__What the exercise asks__:
Please copy the lines below, exactly as they are, from the one with "プリントMIXポケットTシャツ | イッカ(ikka) | 11321126" through the one with "14 Delftware Tiles", and leave out the pictures.

__Records__:
-.-.-
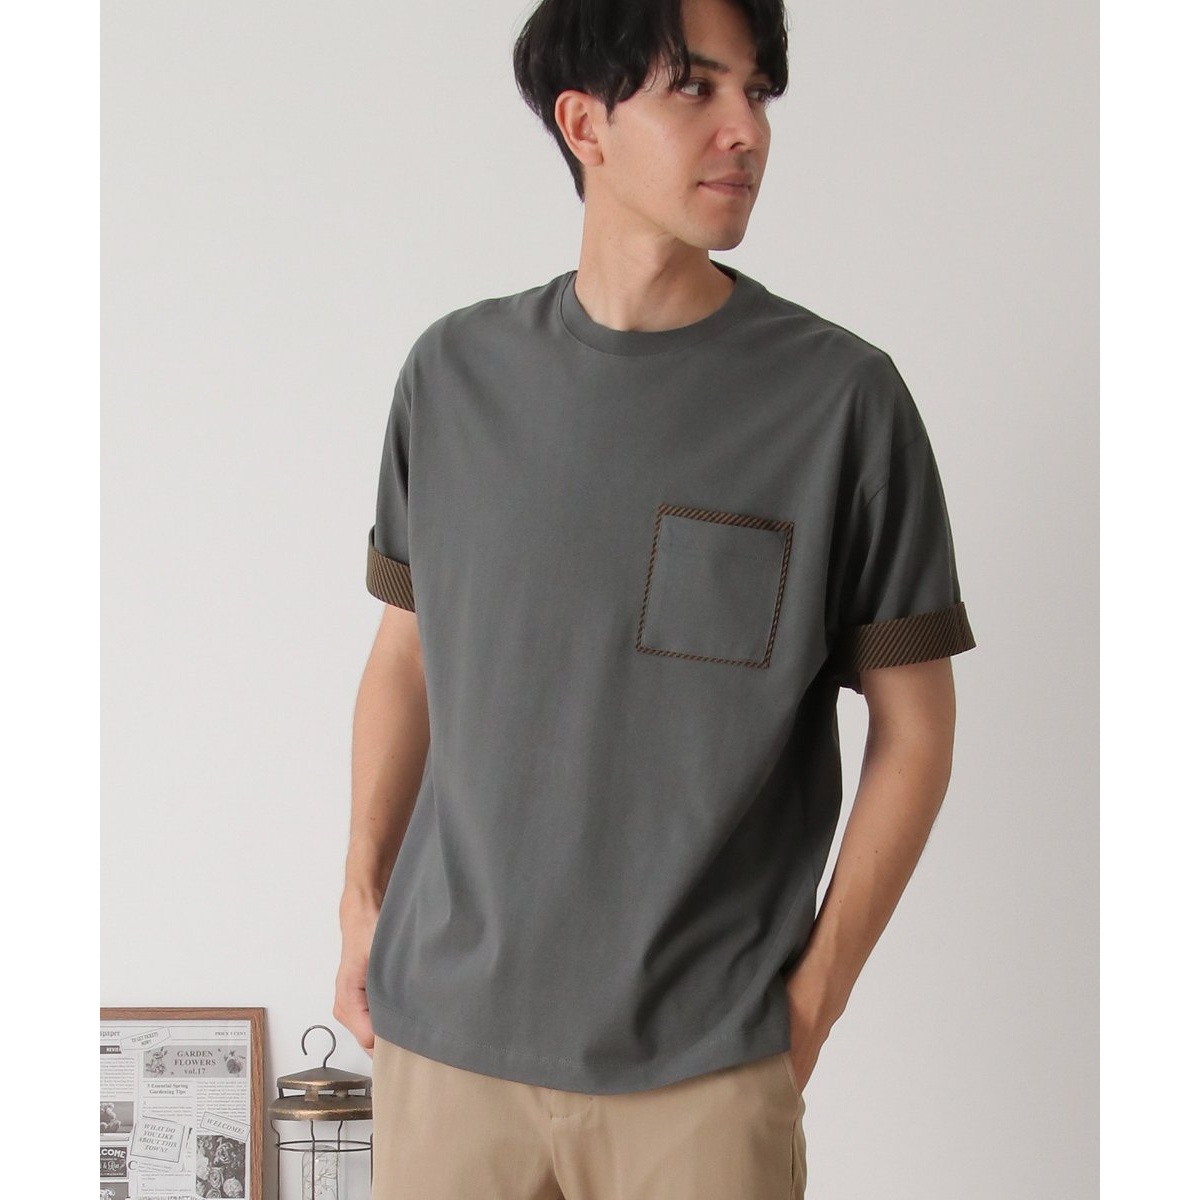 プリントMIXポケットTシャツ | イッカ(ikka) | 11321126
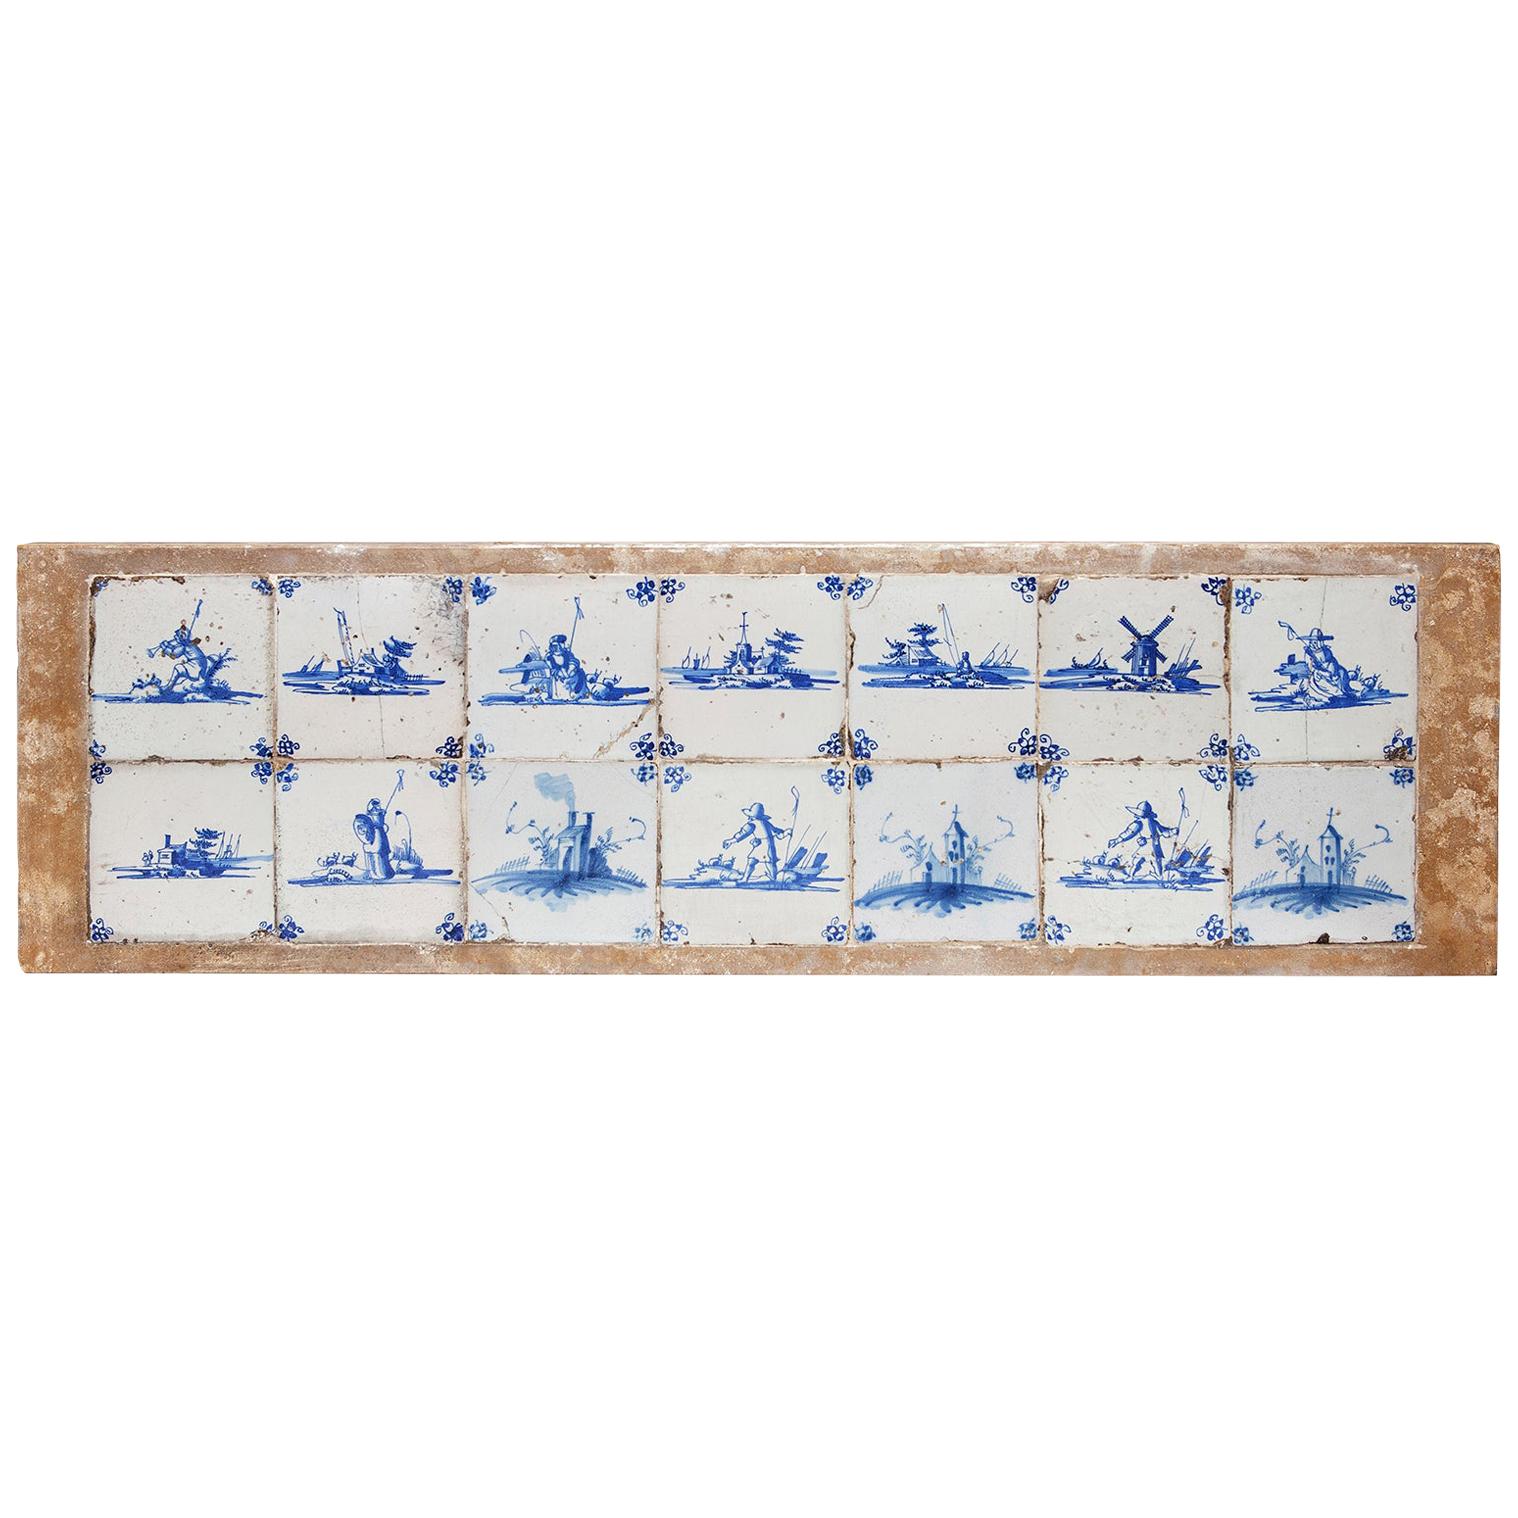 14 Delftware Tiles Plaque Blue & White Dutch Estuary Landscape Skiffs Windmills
-.-.-
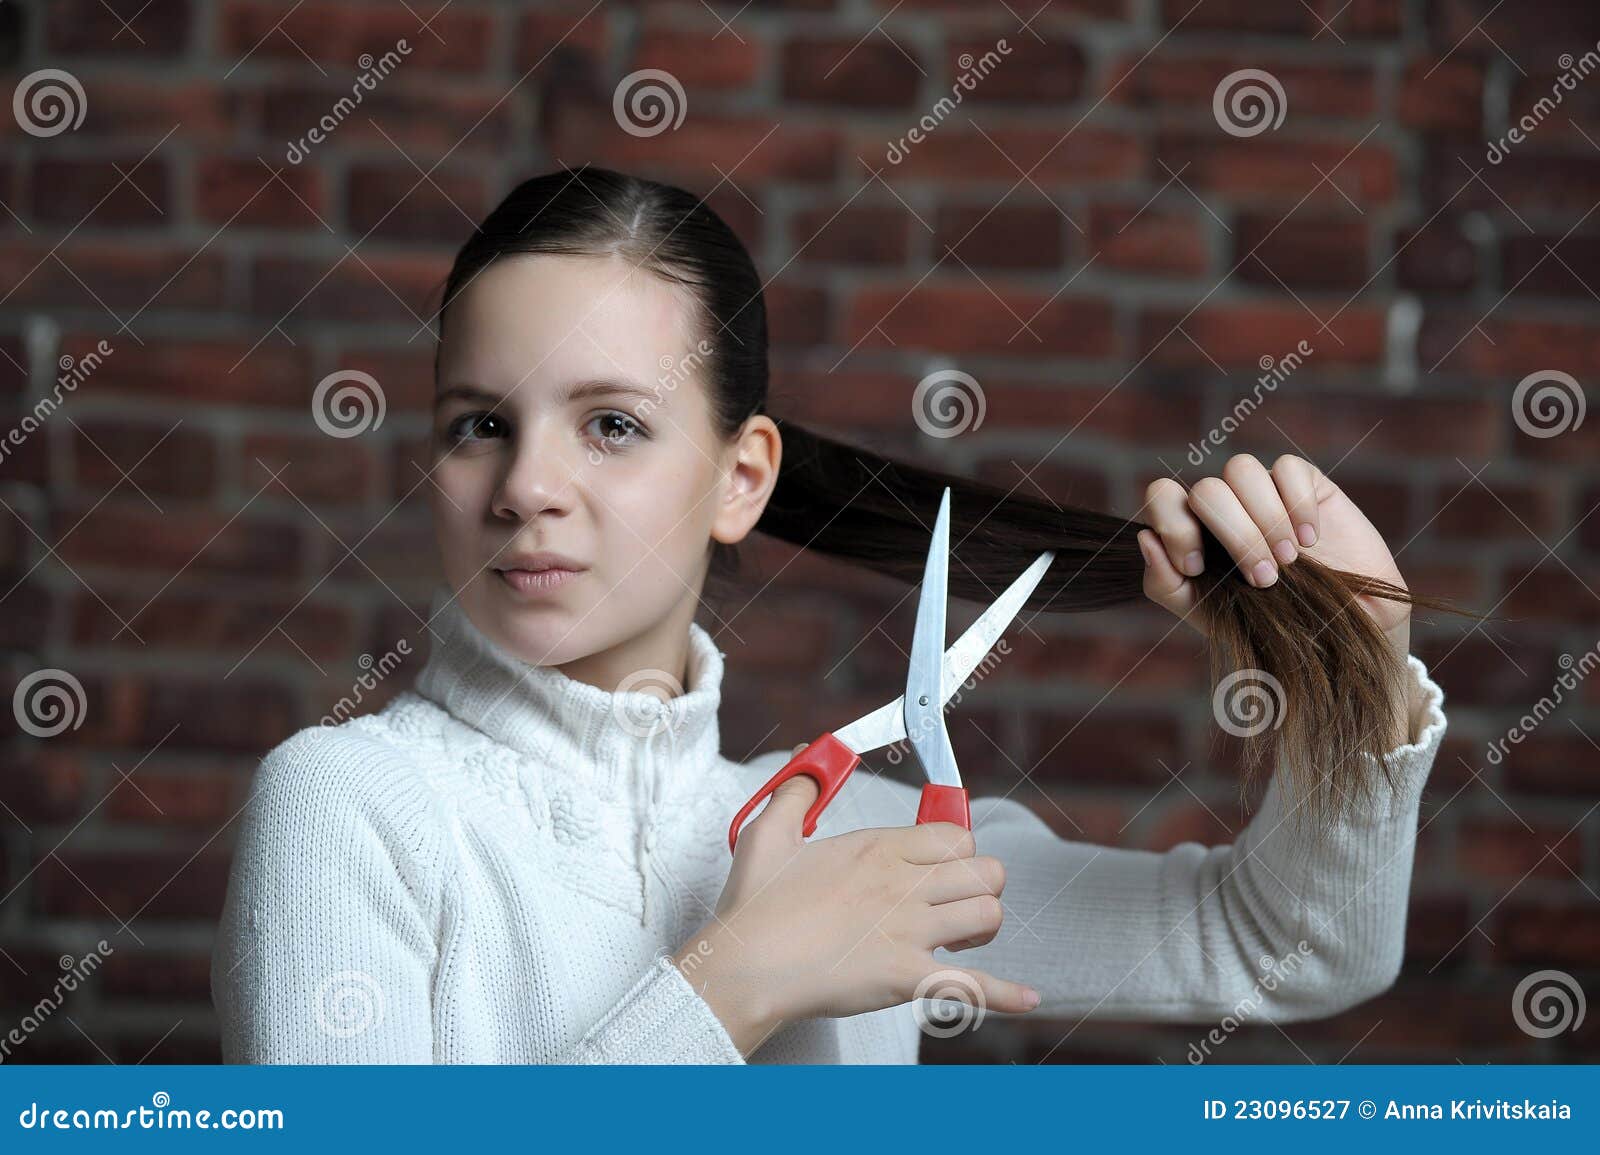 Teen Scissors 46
-.-.-
__Expected output__:
 プリントMIXポケットTシャツ | イッカ(ikka) | 11321126
 14 Delftware Tiles Plaque Blue & White Dutch Estuary Landscape Skiffs Windmills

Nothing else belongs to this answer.